Vintage Jeans Inspiration Throughout the Years
From mines to the big screen to glamorous catwalks and red carpets: much like flannels, jeans have a proper rags to riches story! One thing is for sure: after breaking free from their humble origins, these hard-wearing trousers have stolen the scene and left indelible marks throughout the decades, becoming the central element of their most memorable trends and popular outfits. Here’s some vintage jeans inspiration, history and looks from different years to help you create the perfect denim style.

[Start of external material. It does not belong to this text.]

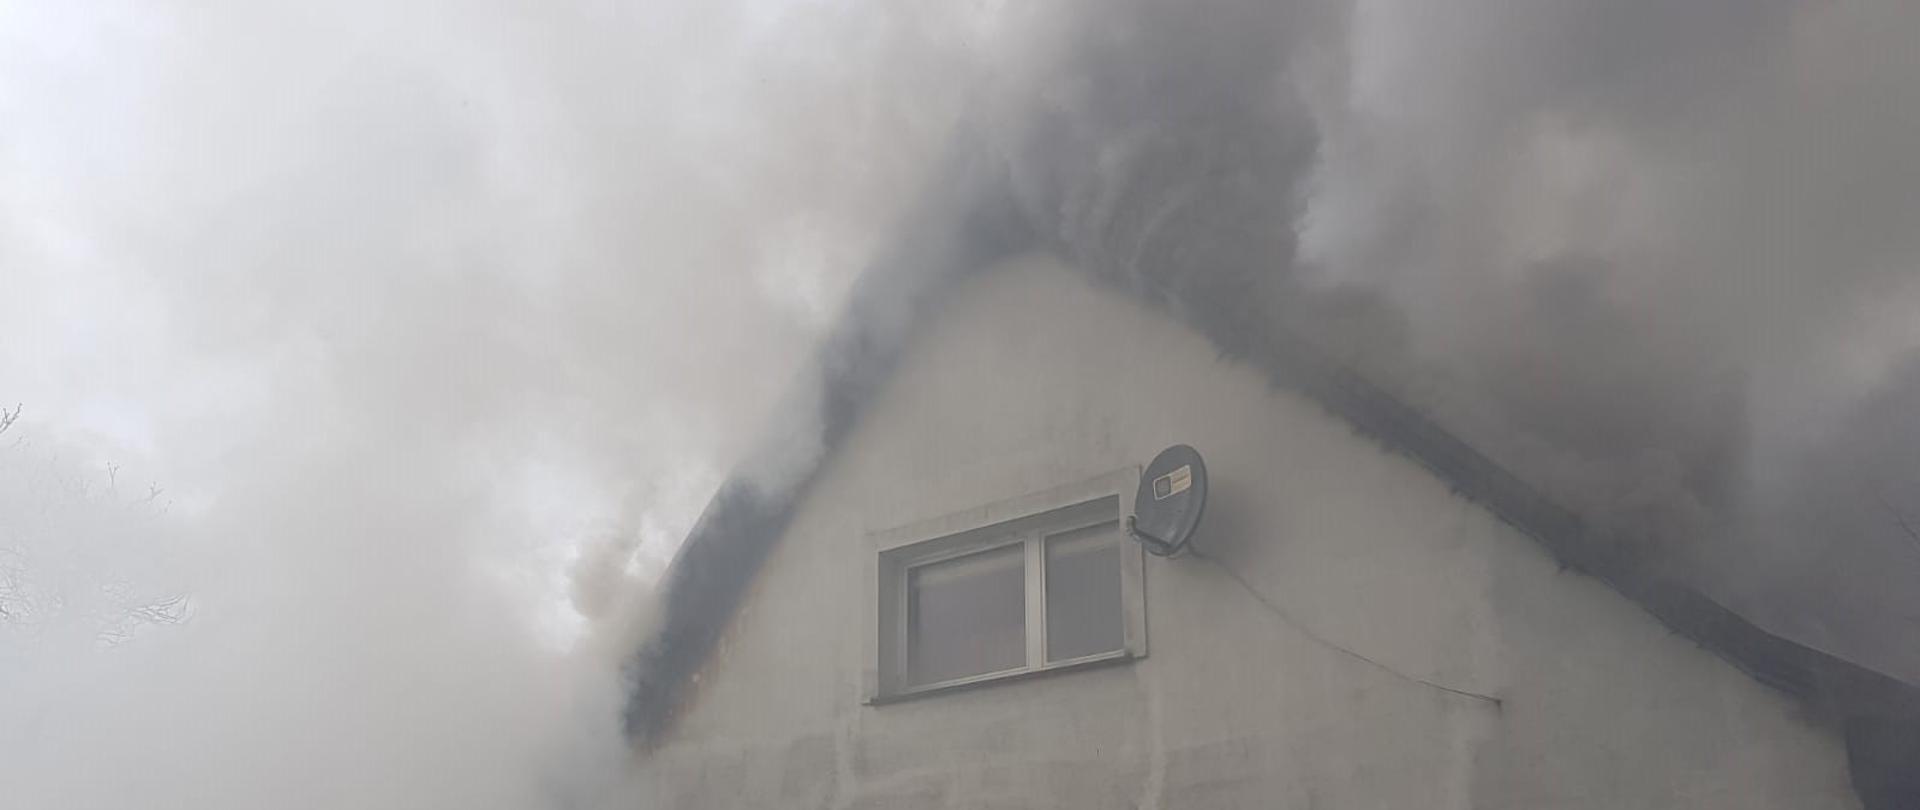 Wydobywające się kłęby szarobrunatnego dymu spod dachu. Przed budynkiem strażak z prądem gaśniczym.

Vintage Jeans History and Inspiration
Late 1800s - 1940s
Invented by Jacob Davis and Levi Strauss in 1873 using denim and dungaree cloth, jeans used to be worn by miners, cowboys and the male American working class, particularly in the West. They were usually paired up with warm flannels and were just as durable, especially after the addition of copper rivets to their pockets.
Thanks to the iconic Levi Strauss red flag, jeans even became the first item of clothing to showcase a designer label on the outside. The first pair of womens jeans—the Lady Levi’s—didn’t appear until 1934, but they weren’t very popular amongst the fairer sex just yet, except in ranches and farms.
1950s: a fashionable rebellion
It’s the decade of jukeboxes and drive-ins that marked the switch from ‘practical working class garment’ to ‘fashionable rebellious statement’ for jeans. We owe it to Hollywood stars like James Dean and Marlon Brando who, thanks to their ‘bad boy’ looks, inspired lots of teenagers to challenge society’s strict clothing rules and try something new. Female celebrities started sporting them too: more and more girls bought pairs of jeans after seeing them on style icons like Marilyn Monroe and Brigitte Bardot. The unisex "plain white t-shirt and jeans" pairing became one of the signature looks of the 50s.
1960s: Jeans flower-power
So different from traditional formal trousers, jeans became a perfect symbol of freedom for hippie communities, together with jeans shorts and jackets. Whilst flowers bloomed in their long hair, patchwork and colourful embroideries started sprouting on hippies’ jeans, emphasising the uniqueness and individuality that characterised the flower-power movement.
1970s: disco and flares
Even though they were already quite common in the late 60s, bell-bottom flares became an unforgettable staple of 70s fashion, both for regular trousers and jeans. As dungarees grew in popularity, denim skirts, vests and jackets would also steal the scene, giving birth to one of the grooviest but riskiest trends: the double denim. Are you brave enough to try it or would you prefer pairing up your 70s jeans with some flashy disco shirts?
1980s: peg them up!
Forget about flares! The 80s were all about tight high-waisted designer jeans, usually worn with a belt and with shirts or t-shirts rigorously tucked in. And how did you know if someone was cool? By checking if the peg at the bottom of their jeans was on point, of course!
1990s: baggy jeans
90s fashion saw the development of lots of different trends, but they all seemed to have something in common: they were about being casual and boasting a ‘too cool to care’ attitude. When it comes to jeans, this translated into slouchy trousers that were perfect for the Grunge scene or even baggier models for those who preferred some hip hop and street-style vibes. Thanks to celebrities and fashionable characters like Rachel Green in Friends and Will Smith in The Fresh Prince of Bel-Air, jeans dungarees made a loud comeback, too.
Which decade or trend do you mainly draw inspiration from when wearing your favourite pair of vintage jeans?